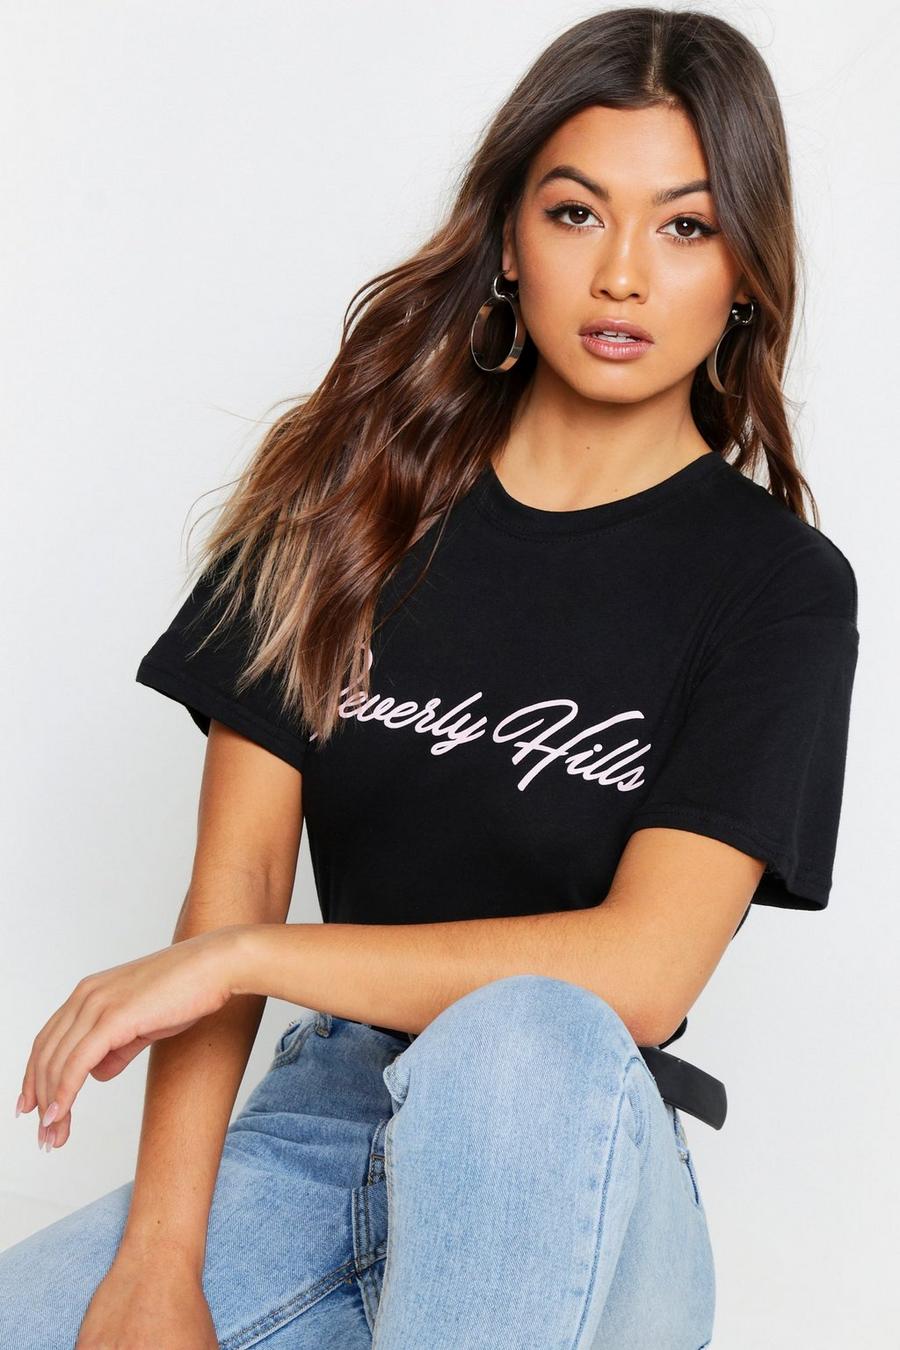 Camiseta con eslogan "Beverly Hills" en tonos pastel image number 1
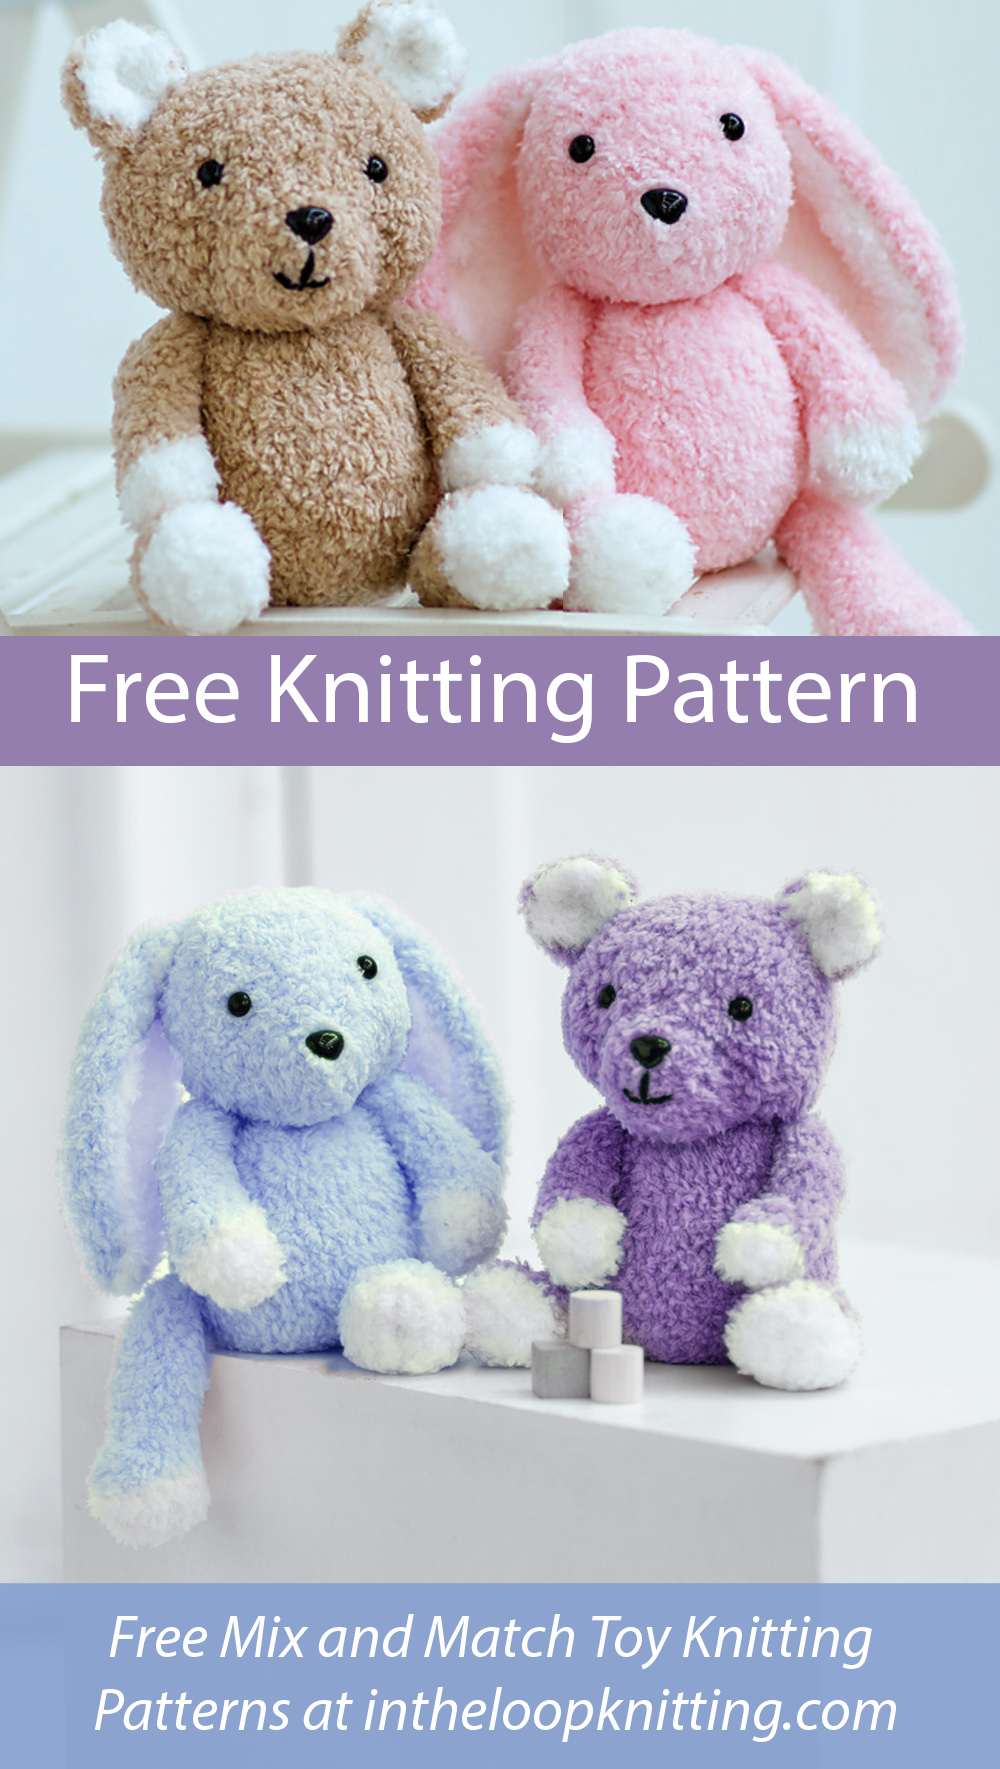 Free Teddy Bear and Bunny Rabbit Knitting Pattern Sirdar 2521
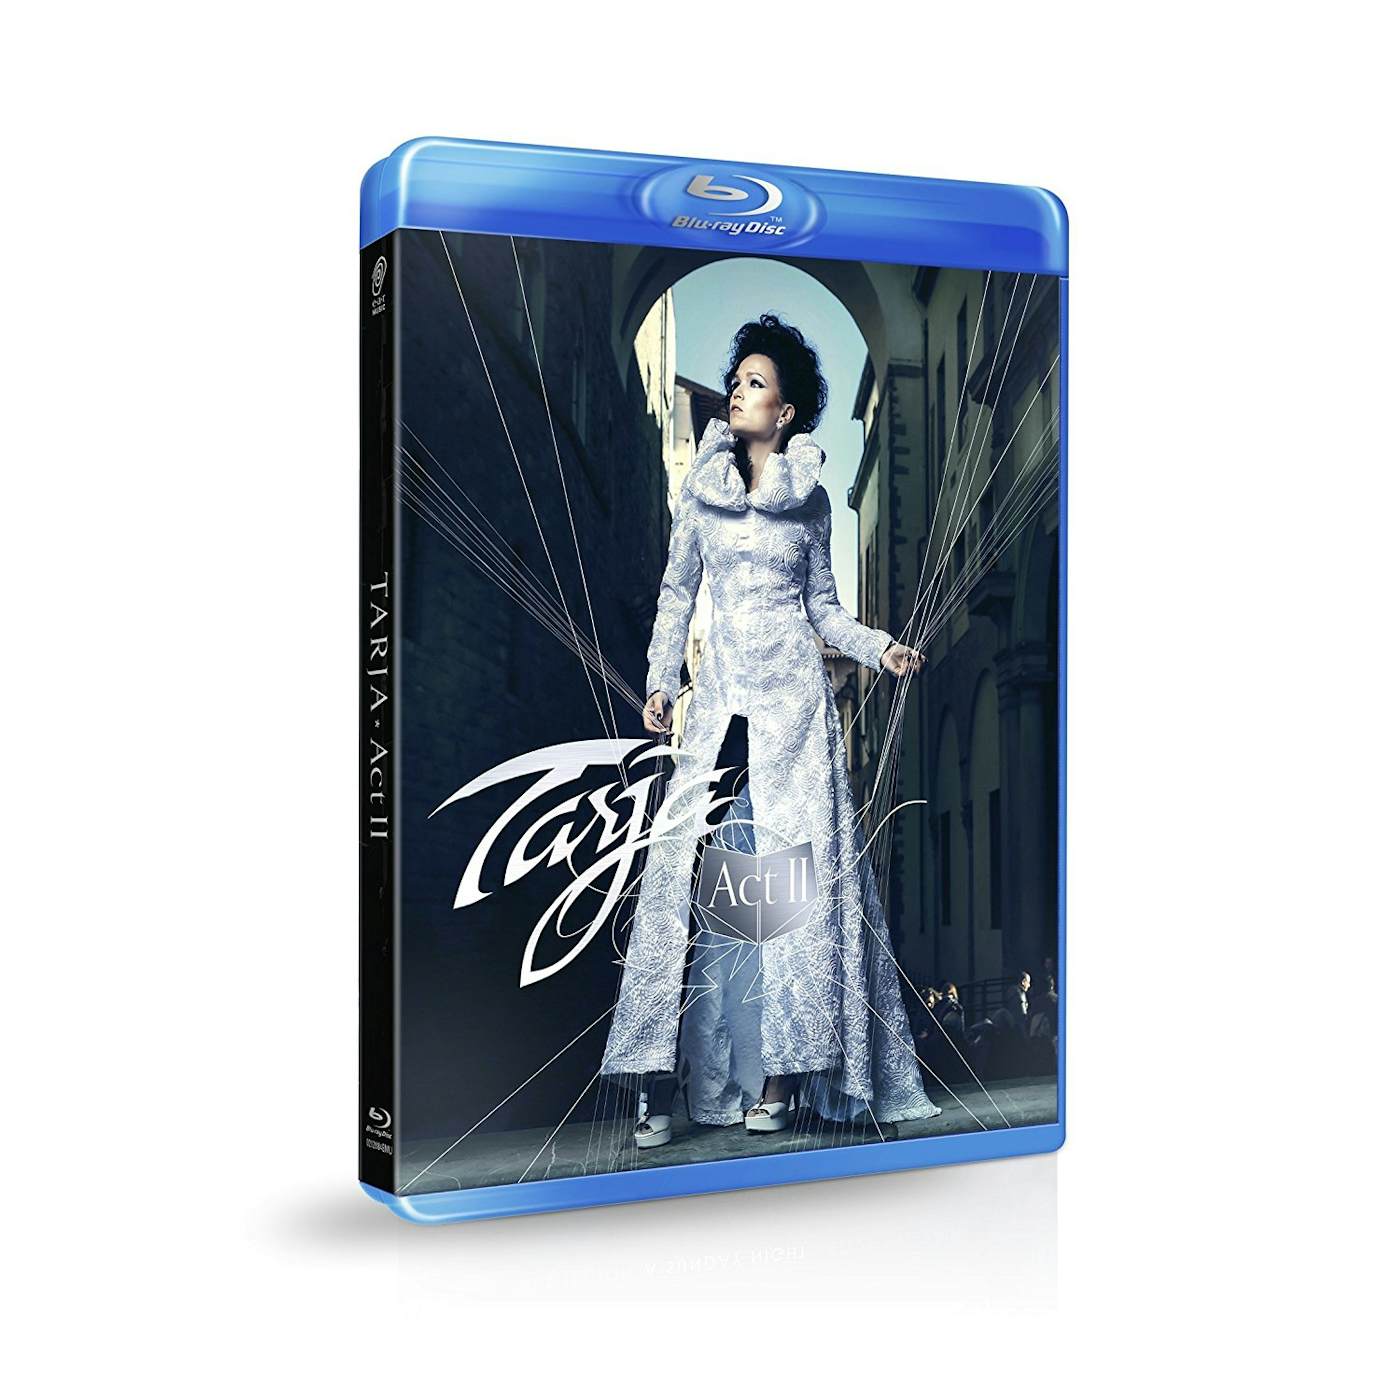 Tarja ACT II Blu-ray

**What you have to do**: Text only, please: give the listing again word for word with no images.

**Result of this exercise**:
 Camiseta con eslogan "Beverly Hills" en tonos pastel image number 1
 Free Teddy Bear and Bunny Rabbit Knitting Pattern Sirdar 2521
 Tarja ACT II Blu-ray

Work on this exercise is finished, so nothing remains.